Sunday, August 30, 2009

Speed Bump

The surrogacy process is so complex that Zach and I have had to take a project-managment approach to the whole thing in order to stay on track (and to keep our brains from spontaneously detonating).

We have files.

We have task lists and timelines.

And today we had an actual meeting, which generated a whole new task list.

One of those tasks is for me to create a full-on matrix of all the information we've collected about the eight agencies we're in the process of researching. (Yes, EIGHT. Yes, MATRIX.)

But I don't need that matrix to report the results of our most recent surrogacy consultation, because I can sum that up in one elegant phrase: HELL, NO!

Having given some of the many considerations further consideration, we've concluded that we want to work with an agency that fully pre-screens its surrogates.

So our first indication that this particular agency was a no-go was finding out that they hold off on the medical and psychological screening, as well as the criminal background check, until after there is a match.

But we continued the conversation, because you never know—we might be persuaded to change our minds on that point. (Not likely, but possible.)

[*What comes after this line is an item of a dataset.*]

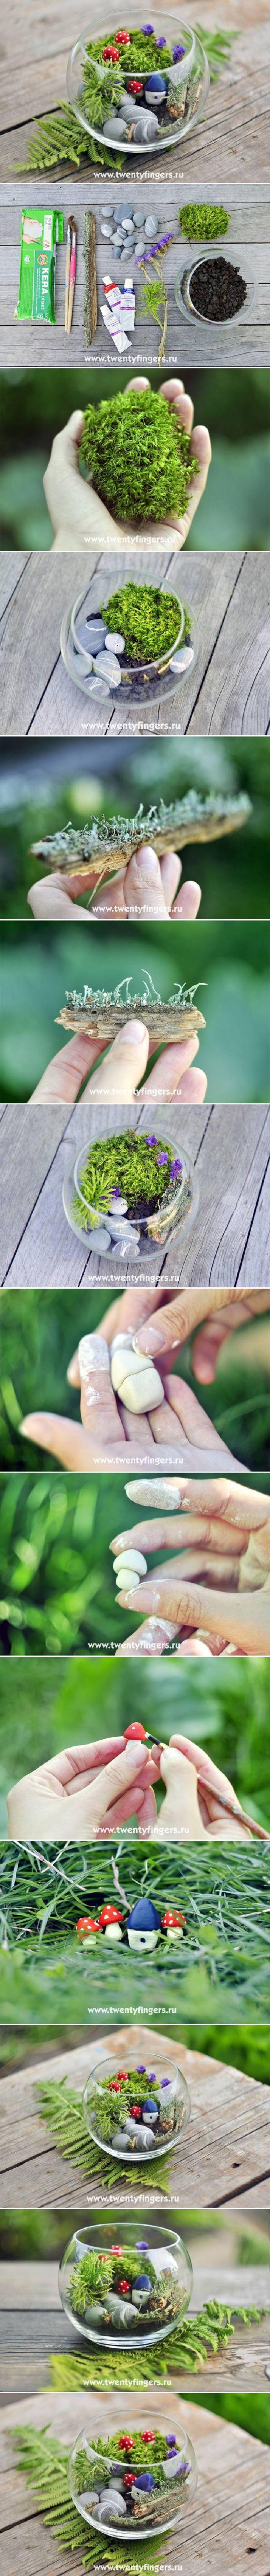 best miniatures images on pinterest dollhouse miniatures

Then we got to the all-important subject of medical insurance. And here's where the red flags started to fly.

First we were told that the agency has had success with surrogates applying for medical coverage through a particular HMO that does not specifically ask about surrogacy on the application.

So the surrogates aren't committing insurance fraud, the agency representative says, unprompted.

Wow. Really? That's your sales pitch?

Because Zach and I are scrupulously honest about EVERYTHING.

We tell waiters and waitresses when they've forgotten to charge us for a soda.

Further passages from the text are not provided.